About

Since Sept. 2020, Wentao Zhang (张文涛) is pursuing his Ph.D. degree in Computer Science at Peking University, under the supervision of Prof. Bin Cui. He previously interned in HKUST working with Prof. Lei Chen, Tencent working with the Angel team, and Apple Research working with Meng Cao, Ping Huang and Danny Bickson.

Email: wentao.zhang@pku.edu.cn

Office: Room 425, Yanyuan Building, Peking University, Beijing, China, 100871.

Research Interests

Graph Machine Learning from the following three perspectives:

  • Data: data privacy, data collection, data generation and data correction.

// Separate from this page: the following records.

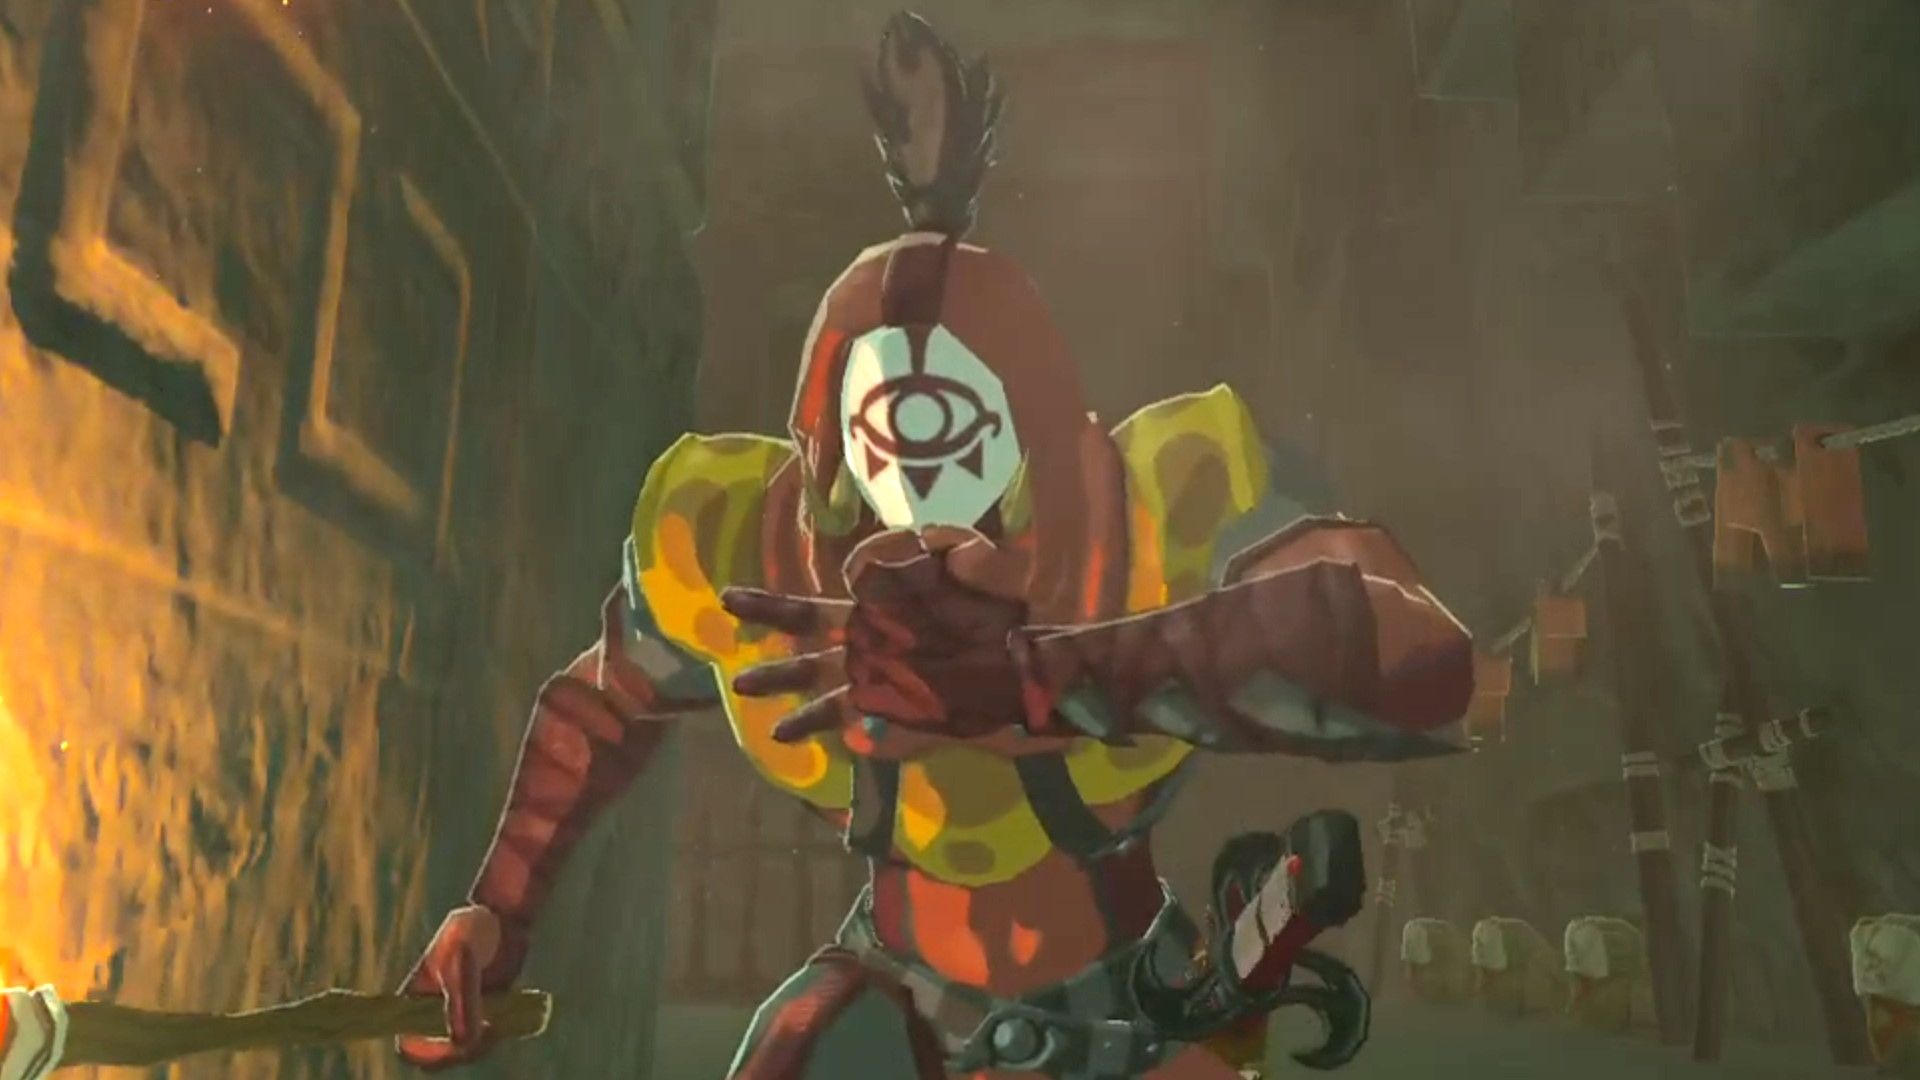 Zelda: Breath of the Wild player uses electricity glitch to build a better Yiga trap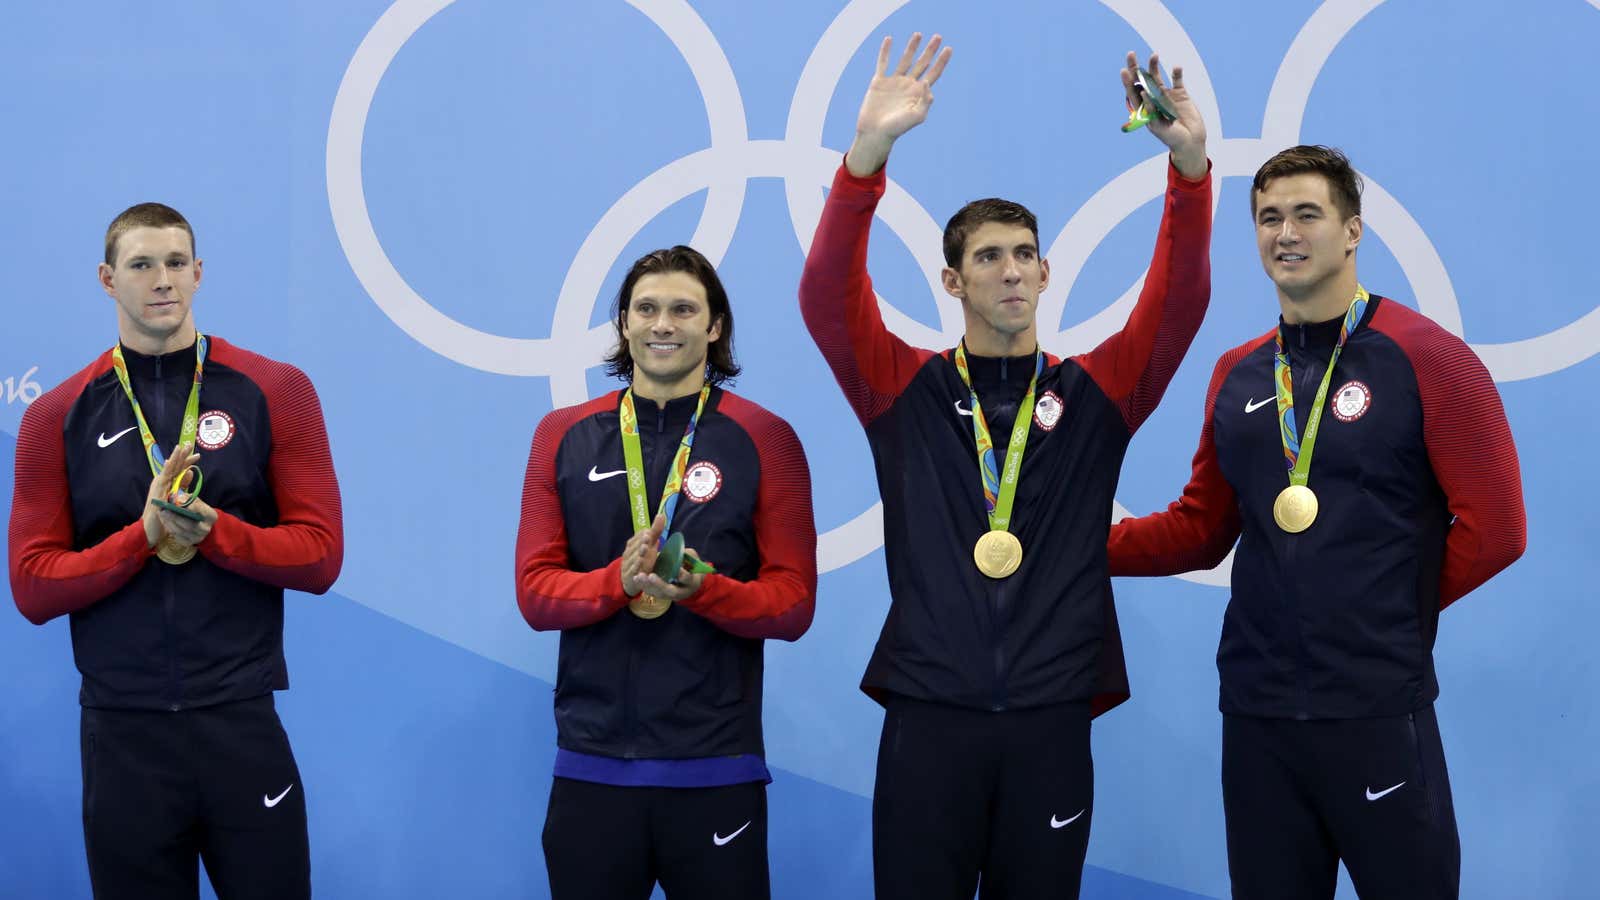 Michael Phelps in the offending sweat pants, part of the official Team USA uniform.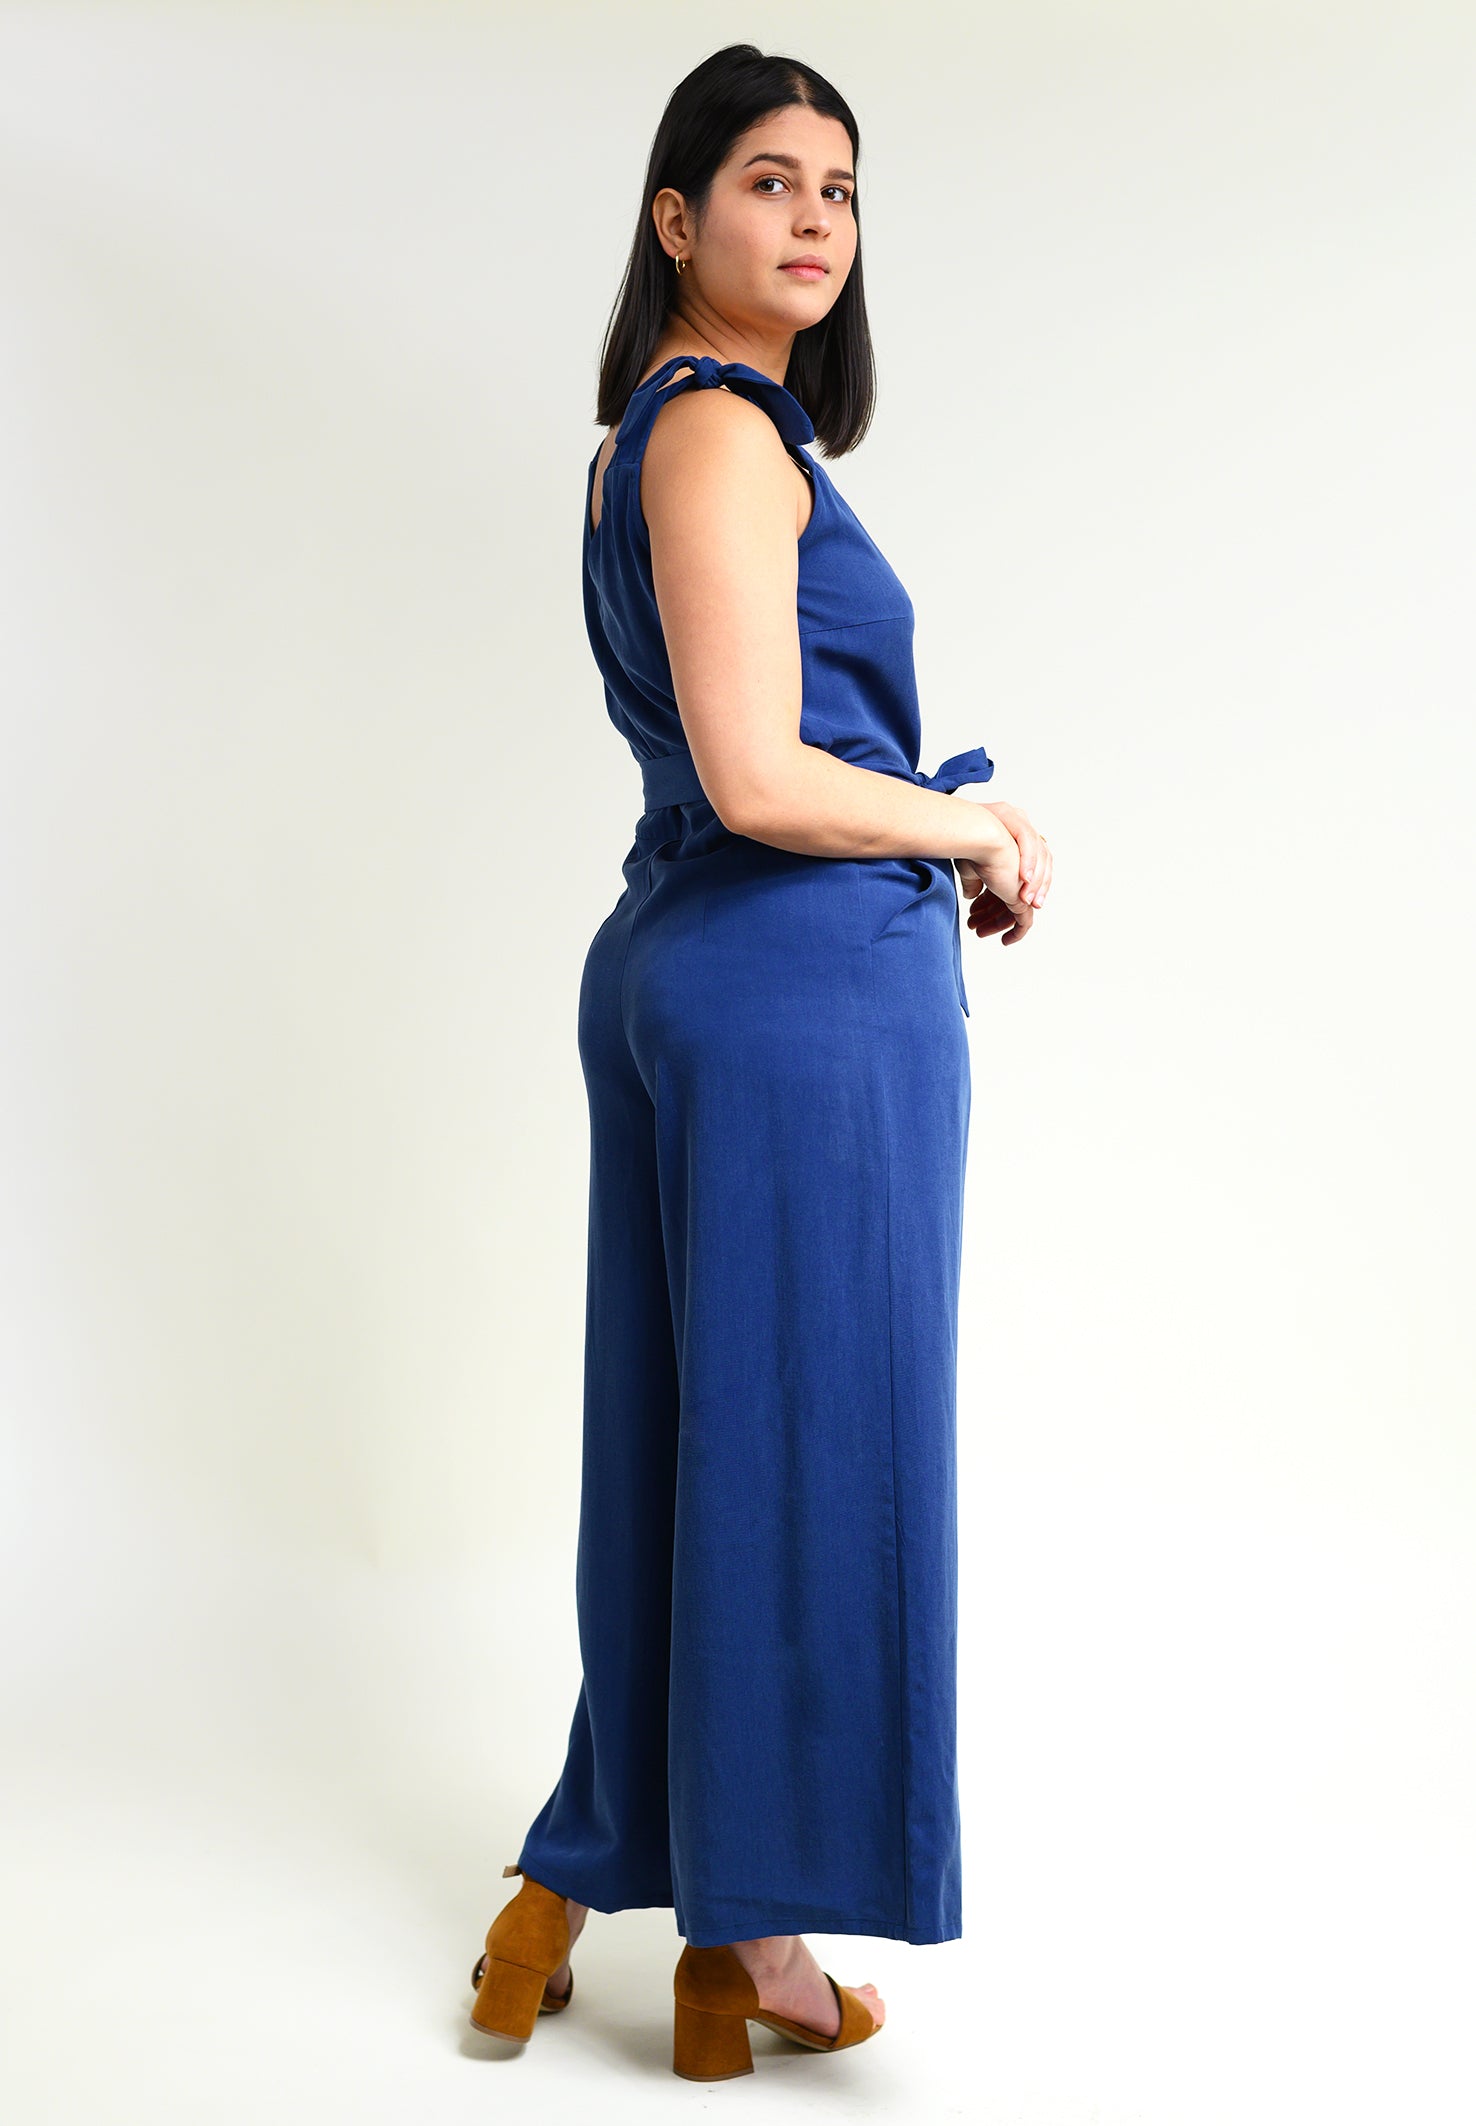 Jumpsuit FA-SAA in blue made of Tencel 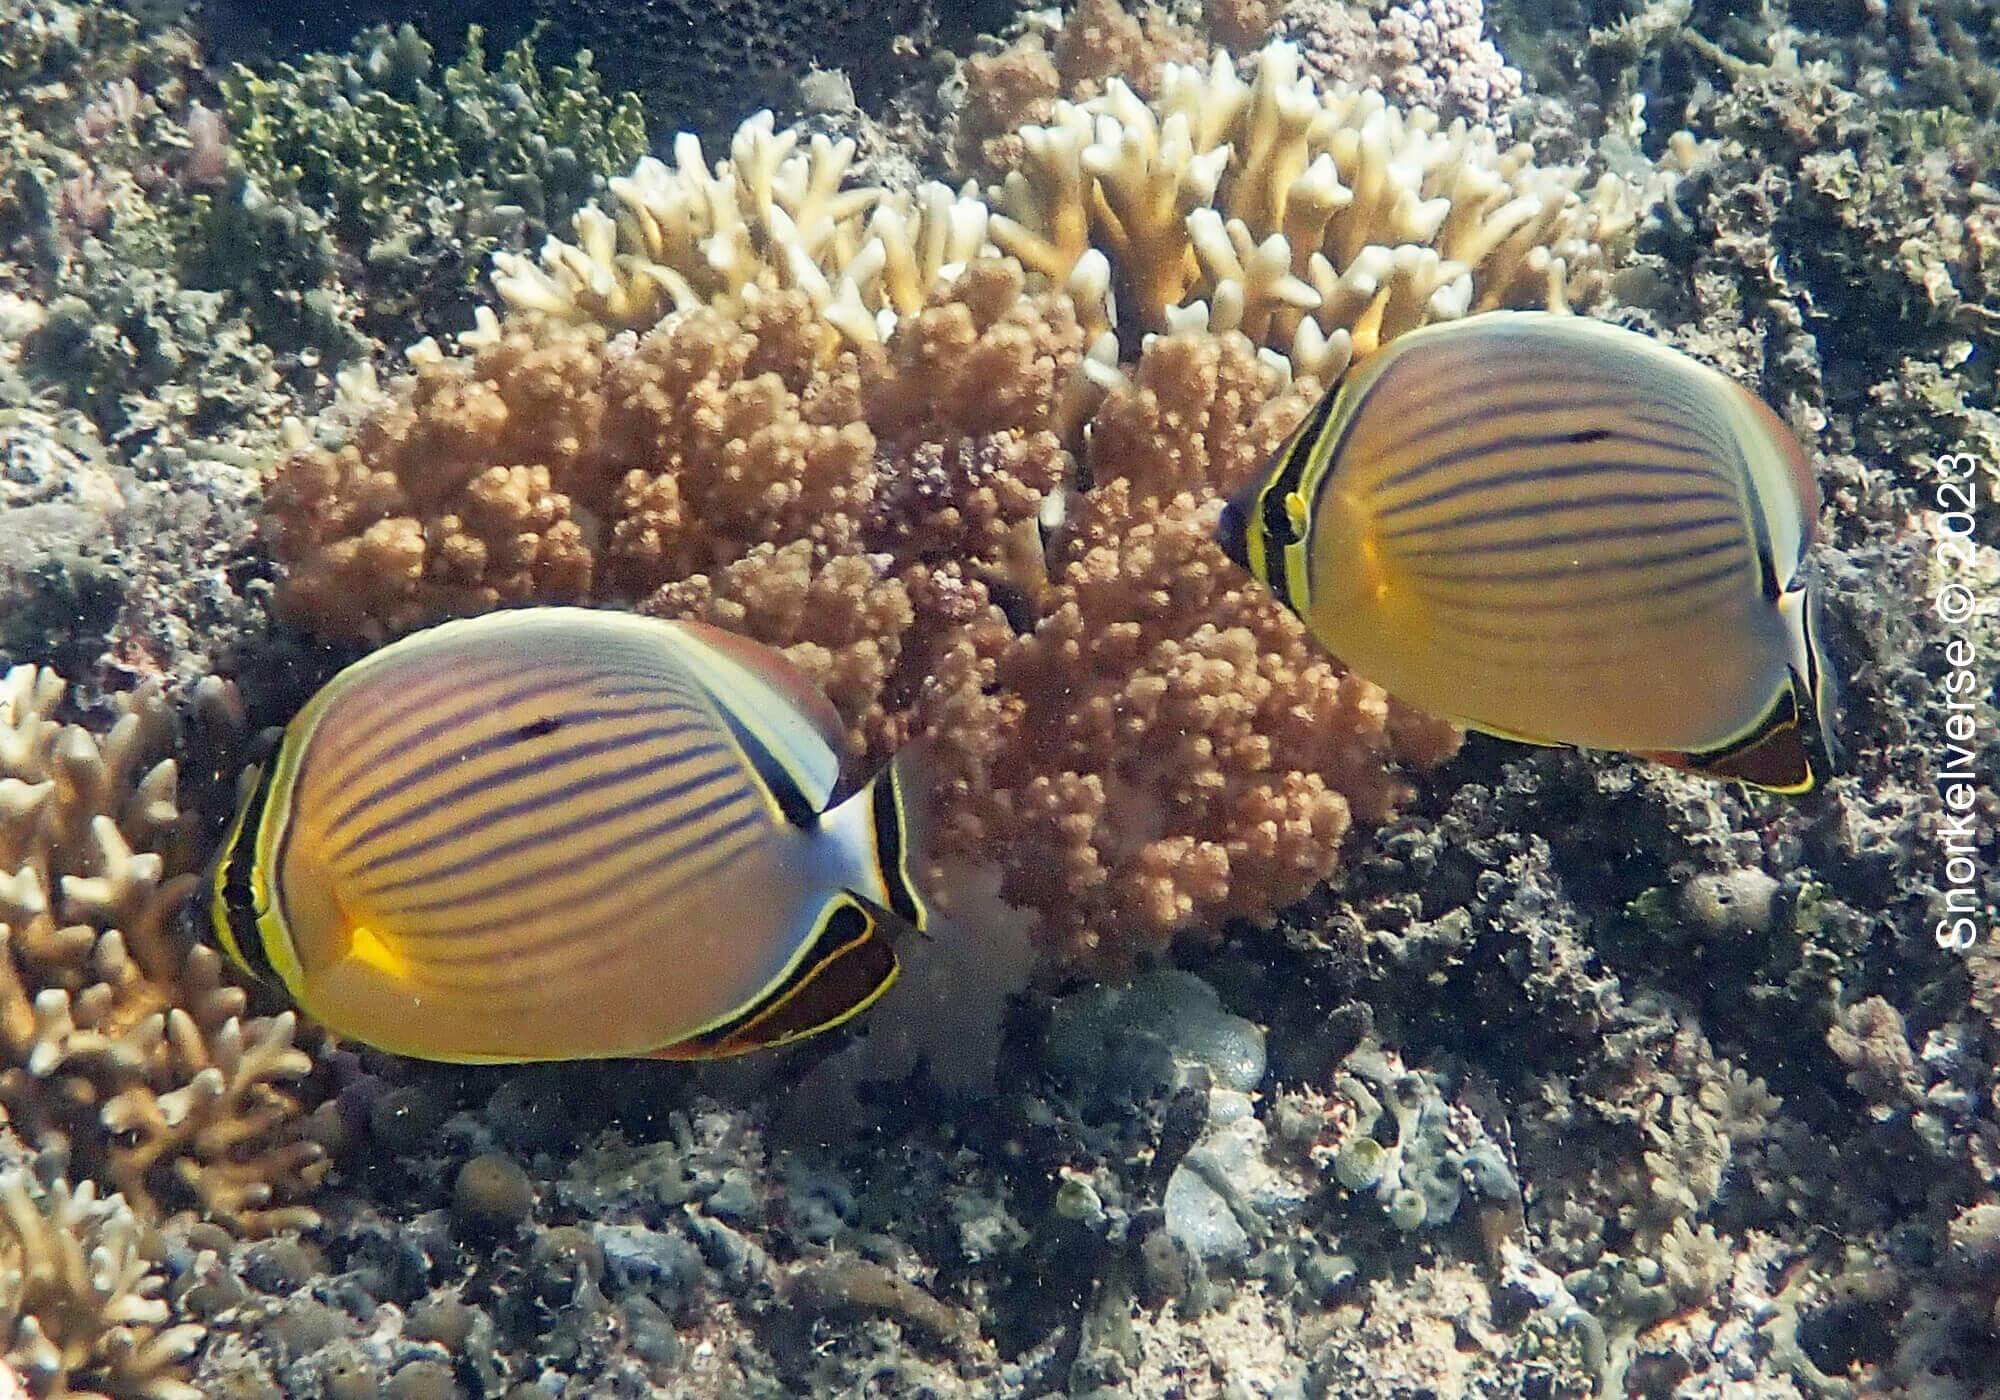 Parrotfish and Butterflyfish, Coral Island

  • Model: scalable, flexible, and efficient graph learning.

  • System: large-scale distributed training, AutoML.

What's New

  • June 2021: One paper as third author, related to our AutoML system – VocalnoML, has been accepted by the coference VLDB 2021.
  • June 2021: One paper as co-first author, related to the graph data privacy, was submitted to the journal VLDBJ 2021.
  • May 2021: One paper as first author, related to the scalable graph learning, was submitted to the coference NeurIPS 2021.
  • May 2021: One paper as first author, related to the graph data collection, was submitted to the coference NeurIPS 2021.
  • May 2021: One paper as collaborator, related to the large scale k-core decomposition, was submitted to the coference CIKM 2021.
  • May 2021: One paper as first author, related to sparse graph data, has been accepted by the coference SIGKDD 2021.
  • May 2021: One paper as co-first author, related to Graph Decomposition and GNN, has been accepted by the coference SIGKDD 2021.
  • May 2021: One paper as third author, related to our blackbox optimization (BBO) system – OpenBox, has been accepted by the coference SIGKDD 2021.
  • April 2021: One paper as first author, related to graph data selection, received major revision from the coference VLDB 2021.
  • April 2021: As the only person in Chinese mainland, I was supported by the Apple Scholars in AI/ML PhD fellowship. Many thanks to Apple!
  • April 2021: One paper as co-first author got major revision from the journal TKDE 2021.
  • April 2021: One survey paper as corrsponding author, related to GNN-based Recommendation, was submitted to the journal ACM Computing Surveys.
  • March 2021: One paper as first author has been accepted by the coference SIGMOD 2021. Looking forward to the meeting in Xi’an this summer!

Awards

  • Apple PhD Fellowship, 2021
  • Leo KoGuan Scholarship of PKU (Top 1%), 2020
  • Academic Innovation Award of PKU (Top 0.5%), 2020
  • Pacemaker to Merit Student of PKU (Top 1%), 2020
  • National Scholarship of PKU (Top 1%), 2019
  • Merit Student of PKU (Top 5%), 2019
  • Academic Excellence Award of PKU (Top 5%), 2018
  • Outstanding Winner of the BDIC big data competition (1/575), 2018

Contributed Open-source Projects

  • Angel: a high-performance distributed machine learning and graph computing platform.

  • Volcano-ML: a powerful AutoML system, which automates feature engineering, algorithm selection and hyperparameter tuning.

  • OpenBox: an efficient open-source system designed for solving generalized black-box optimization (BBO) problems.